Livingston notes that the discriminazione provisions applied mainly to the “periphery” of the racial laws – business and property rules – rather than the “core” laws about mixed marriage, and the exemptions also became harder and harder to obtain over time. He sees it more as a transitional law, easing the transition for a segment of the Jewish population, as well as a way to divide and conquer the Jews of Italy, muting the opposition of those most likely to fight the laws.
- Evil Law
Finally, Livingston sees the adjudication of the Italian racial laws as a classic case study of the ethical question of the judicial role in restraining or restricting unjust legislation – or “the power of such legislation to confound or corrupt [legal] institutions.” This problem in the law of slavery is most famously treated by Robert Cover, in Justice Accused. There we find not only ostensibly “anti-slavery” judges, like William Story, who nevertheless returned fugitive slaves to their masters because Federal law demanded it, but judges in slave states, like Thomas Ruffin, who bemoaned the turmoil in the judge’s breast when he had to rule in favor of the master’s absolute right to dispense with his property as he chose – including the right to kill a fleeing woman. Yet Ruffin found in favor of the master even though other judges had reached the opposite result in similar cases. “I have no choice but to follow the law,” is always the answer of the administrator of evil law.
In his conclusion, Livingston asks: Is evil law law? He answers yes. My study of slavery convinces me that is correct. Slavery was nothing if not legal.
Race laws are nothing if not law.
What can this teach us today? The most basic lesson is: law has great power to make race, in ordinary as well as exceptional times.
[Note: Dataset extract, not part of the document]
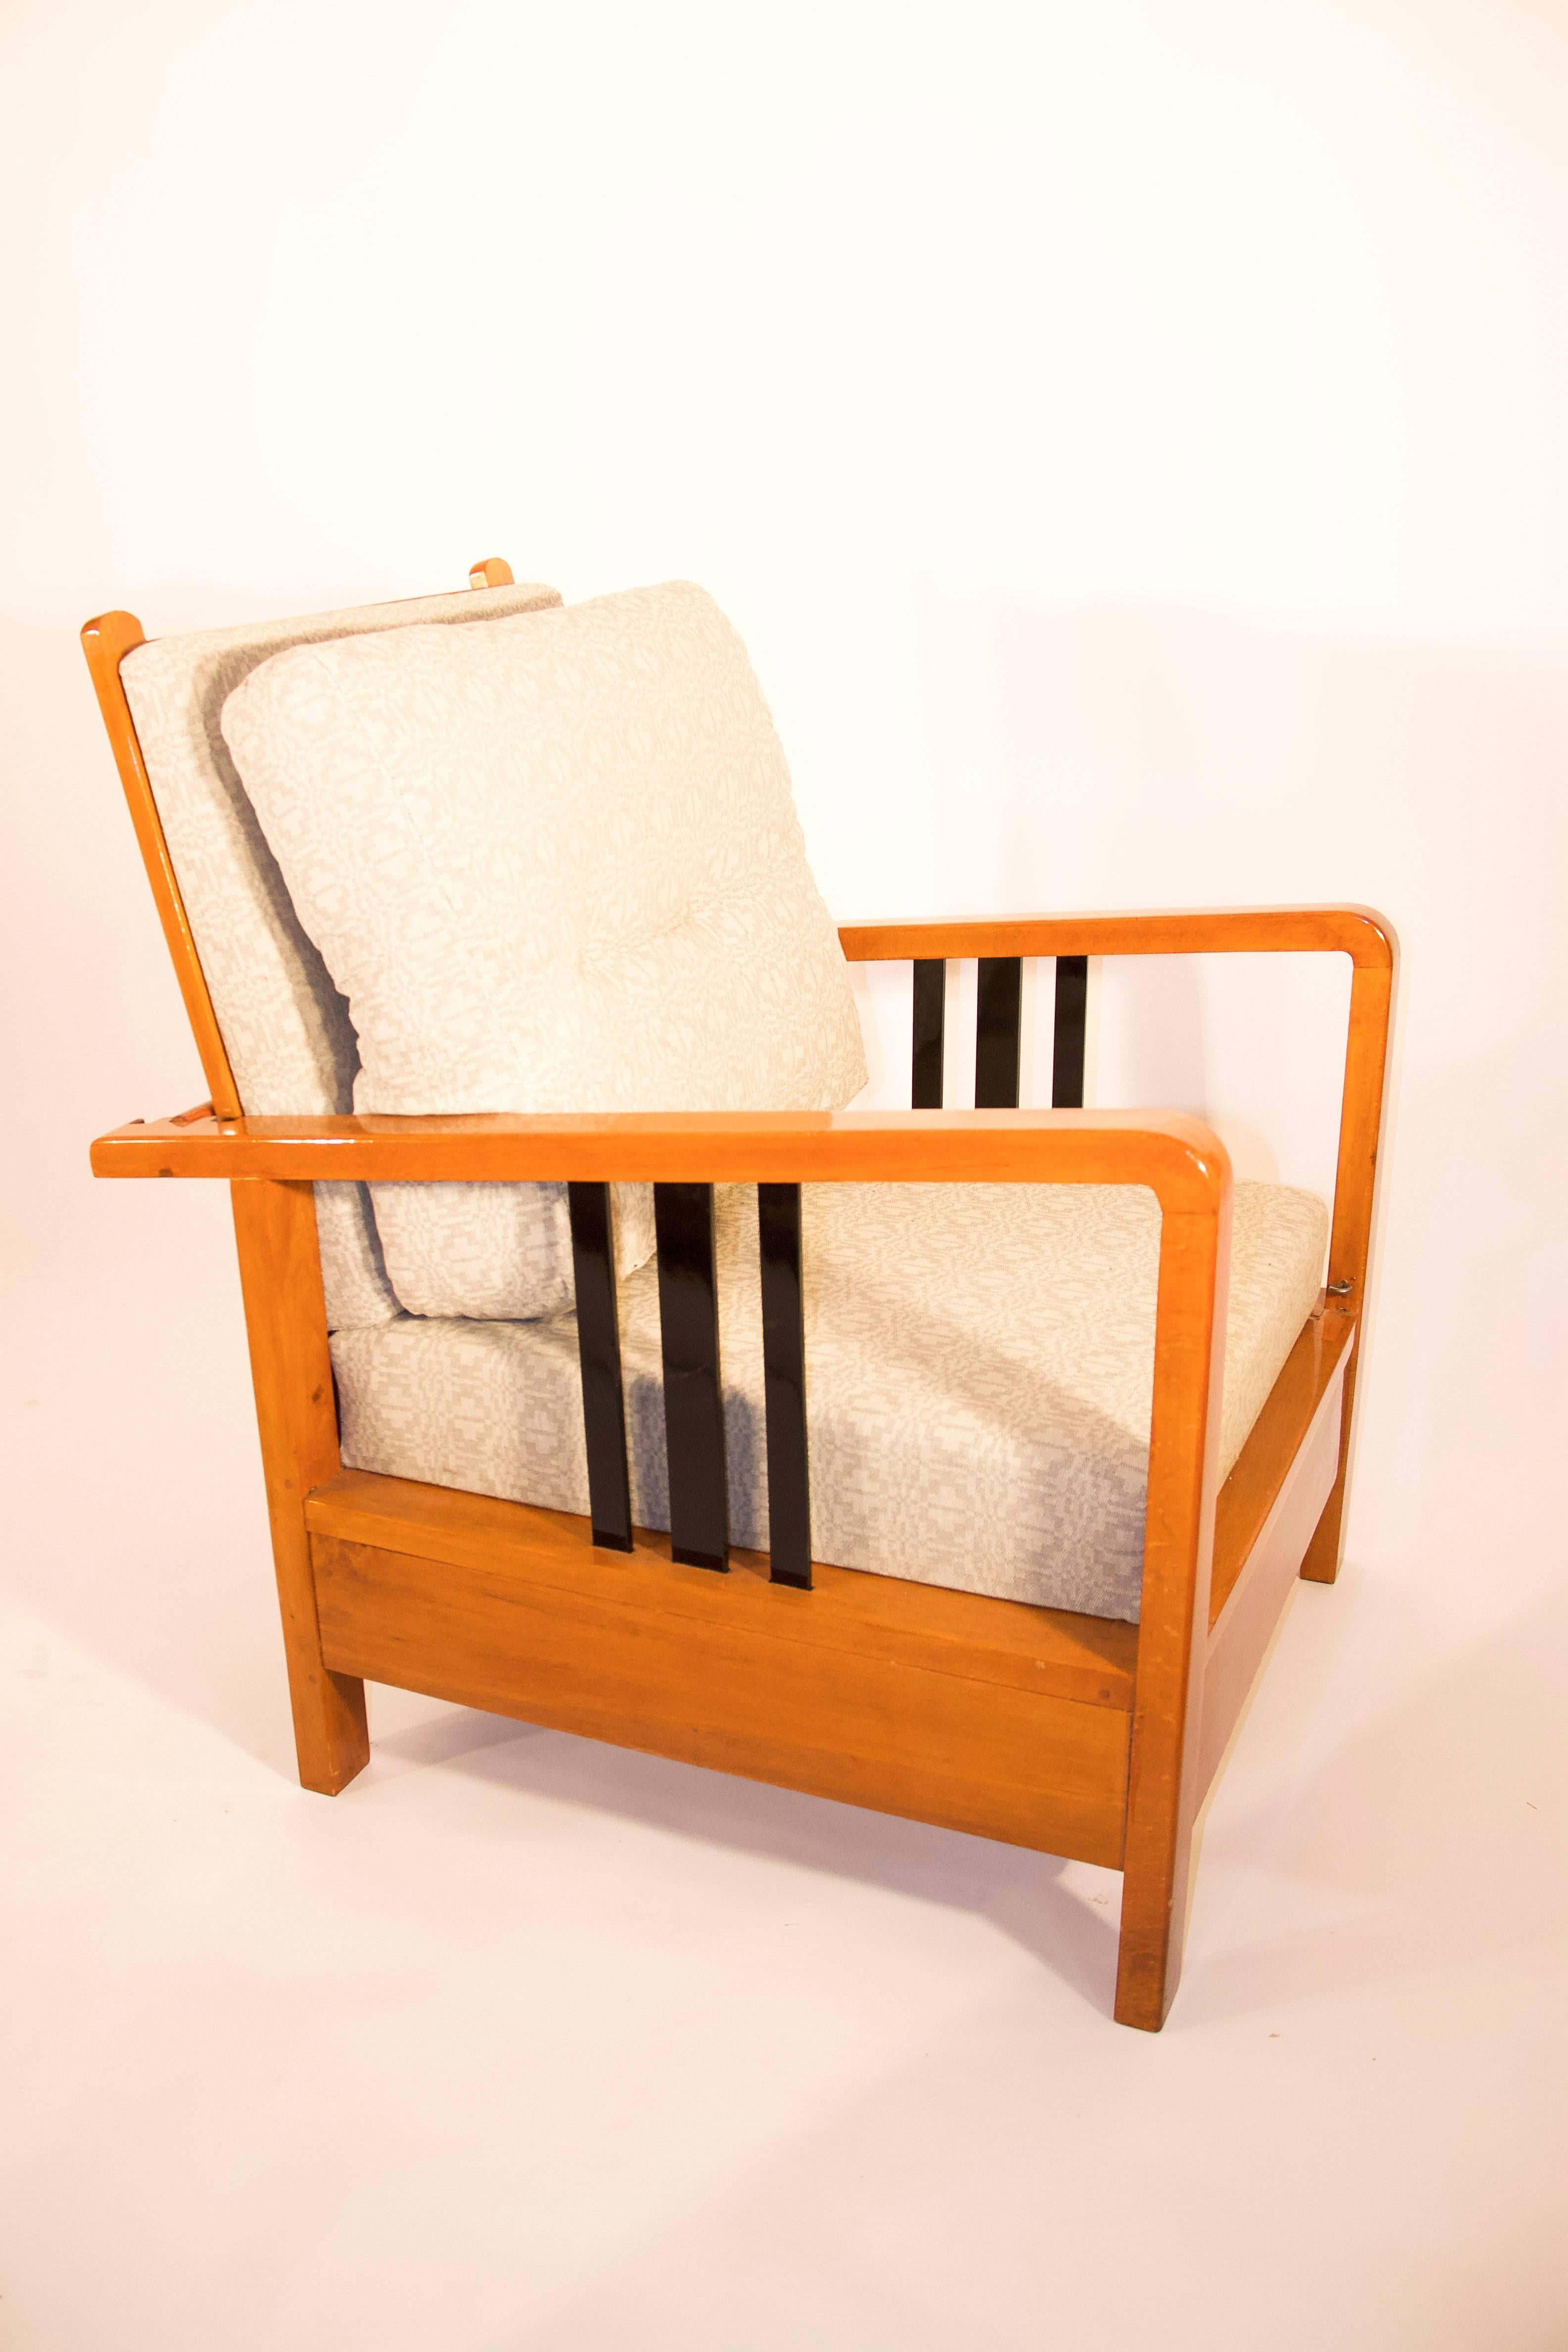 Rare, Kozma Lajos Art Deco Lounge Chair from the 1930s In Good Condition For Sale In Budapest, HU

And we must ultimately be the ones to decide when evil laws can no longer be followed, and must be changed, and even disobeyed.
[1] Larry Greene, “Race in the Reich: The African American Press on Nazi Germany,” in Germans and African Americans: Two Centuries of Exchange, Larry A. Greene and Anke Ortlepp, eds.
[2] See Jens-Uwe Guettel, German Expansionism, Imperial Liberalism, and the United States, 1776-1945, at 199; James Whitman, email to author.
[3] Email from James Whitman to author.
[4] Ariela J. Gross, What Blood Won’t Tell: A History of Race on Trial in America (Harvard UP, 2008).
[5] See, e.g., Gross, Race, Law, and Comparative History, Law & History Review (2011).